Tuesday 10 November 2015

THE STORY OF AN HOUR // KATE CHOPIN



This story opens with a woman, Louise Mallard who has heart trouble, and who must be informed carefully about her husband’s death. Her sister tells her that her husband was killed in a railroad accident, and upon hearing this news she begins to sob and goes upstairs to be alone in her room. She sits down and looks out of the window to see trees, and people going about their business on the street. She is young, with lines around her eyes, which fill with tears as she gazes still into the distance.  She attempts to suppress the building emotions within her, but she can’t and she begins repeating the word Free! to herself over and over again. Louise knows she’ll cry again when she sees Brently’s corpse. But then she imagines the years ahead without him, when she will be free, on her own without anyone to oppress her. Louise knows that she did love her husband but tells herself that none of that matters anymore. She is thrilled with her newfound sense of independence. Her sister comes to her door and begs Louise to come outside, to which Louise tells her to go away. She continues to imagine about all the days and years ahead and hopes that she lives a long life. Eventually she goes downstairs and the front door opens, to reveal her husband. He hadn’t been in the train accident or even aware that one had happened.
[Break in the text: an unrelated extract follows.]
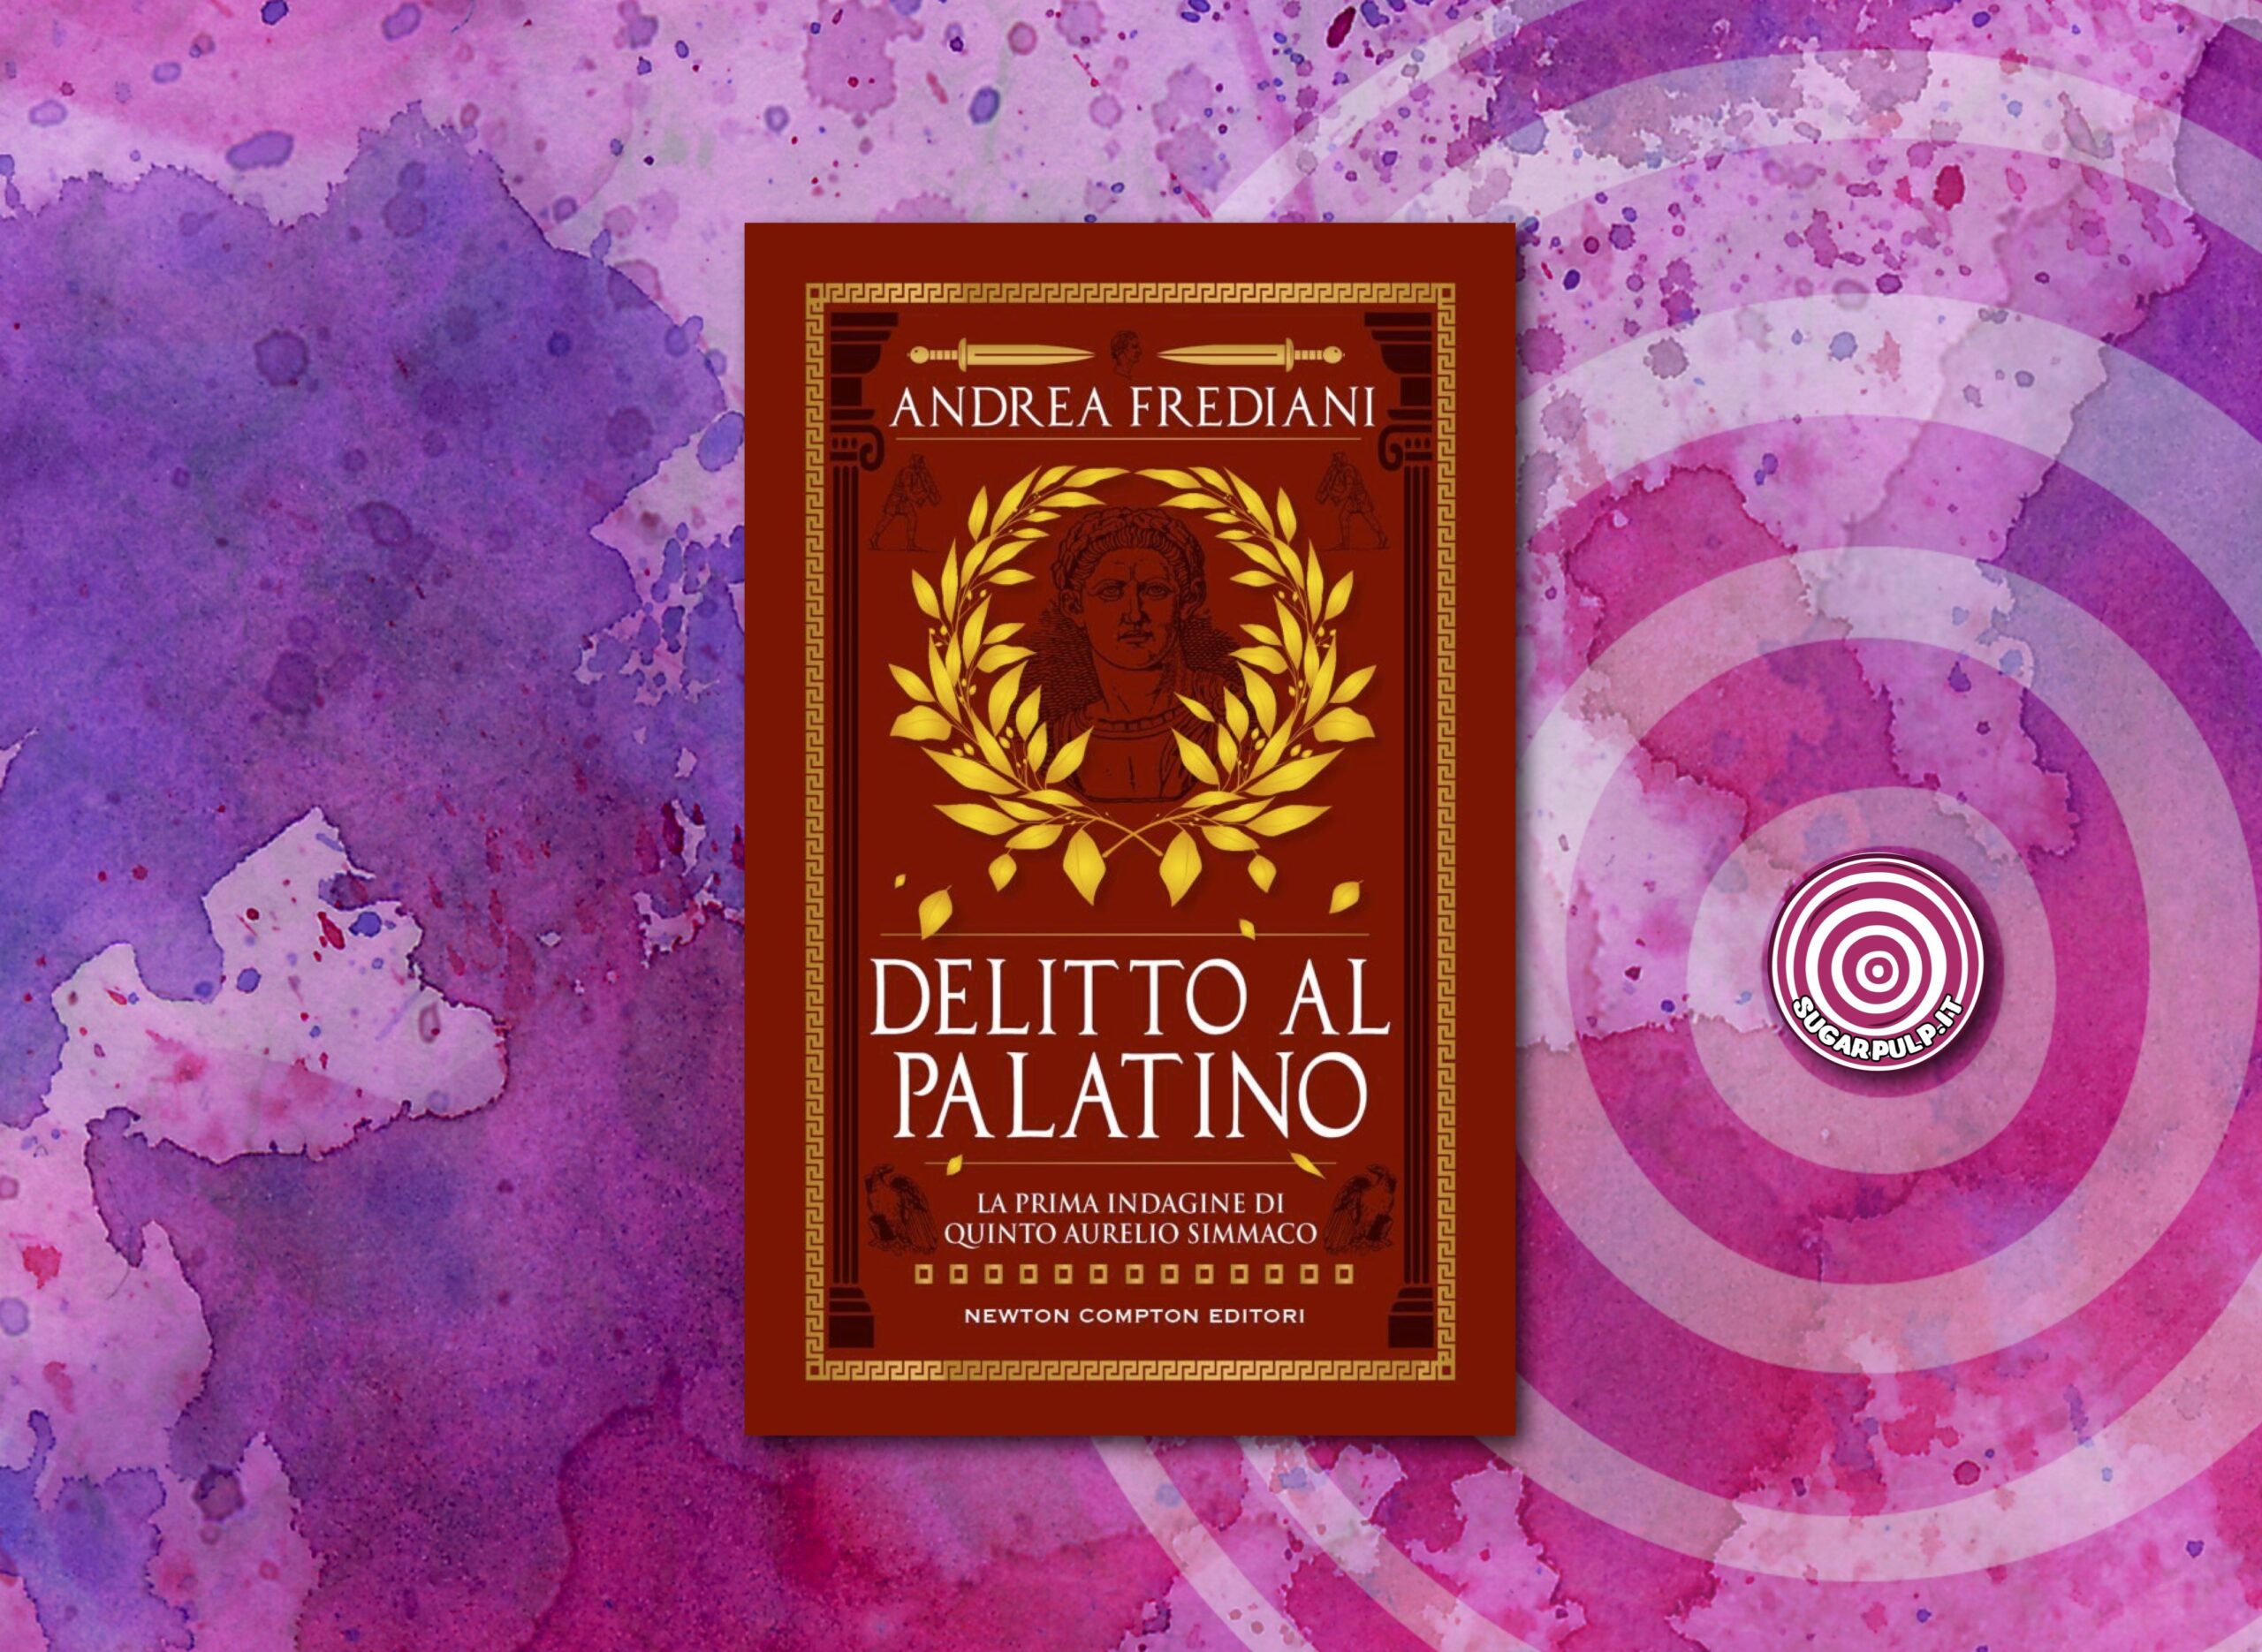 DELITTO AL PALATINO, la prima indagine di Quinto Aurelio Simmaco, il nuovo romanzo di Andrea Frediani in uscita per Newton Compton Editori.

Louise dies upon seeing him and when the doctors arrive, they pronounce that Louise died of a heart attack brought on by happiness. 

This explores the story of a woman in domesticity - a woman who is trapped by her husband and defined only by her marital status. Throughout the story she is the subject of the masculine discourse of the story. This masculine discourse, which finally pronounces her dead, begins at the beginning of the story when she is introduced as “Mrs. Mallard” and referred to as “she” for most of the narrative. Only when Louise has become “free! Body and soul free!” is she addressed by her own name. But this change is short-lived as Louise’s status as “wife” is reestablished at once when her husband comes in “view of his wife.” Her marriage epitomises the status of women in the early 20th century in that the woman is subject to the patriarch’s “powerful will bending hers.” When Louise reflects on her new-found liberation she  “abandon[s] herself” in a room of her own where she speaks for the first time. She must not make her “joy” public under any circumstances. She is extremely conscious of her social duty as a widow to grieve her husband and like many wives in late 19th century America, Louise would be master of herself only after her husband’s death. The room that Louise inhabits is also significant, because it is only a temporary refuge which she must leave as she always was going to. The self she is in her room does not have any value in the world of masculine discourse and therefore may as well have not existed. In fact, her existence depended on a lack of self, since a woman was meant to live for others. The woman is locked in the prison of her own home and is only free when she is dreaming about being out of wedlock. This explores the repressive role that marriage played in women’s lives in the era it was written.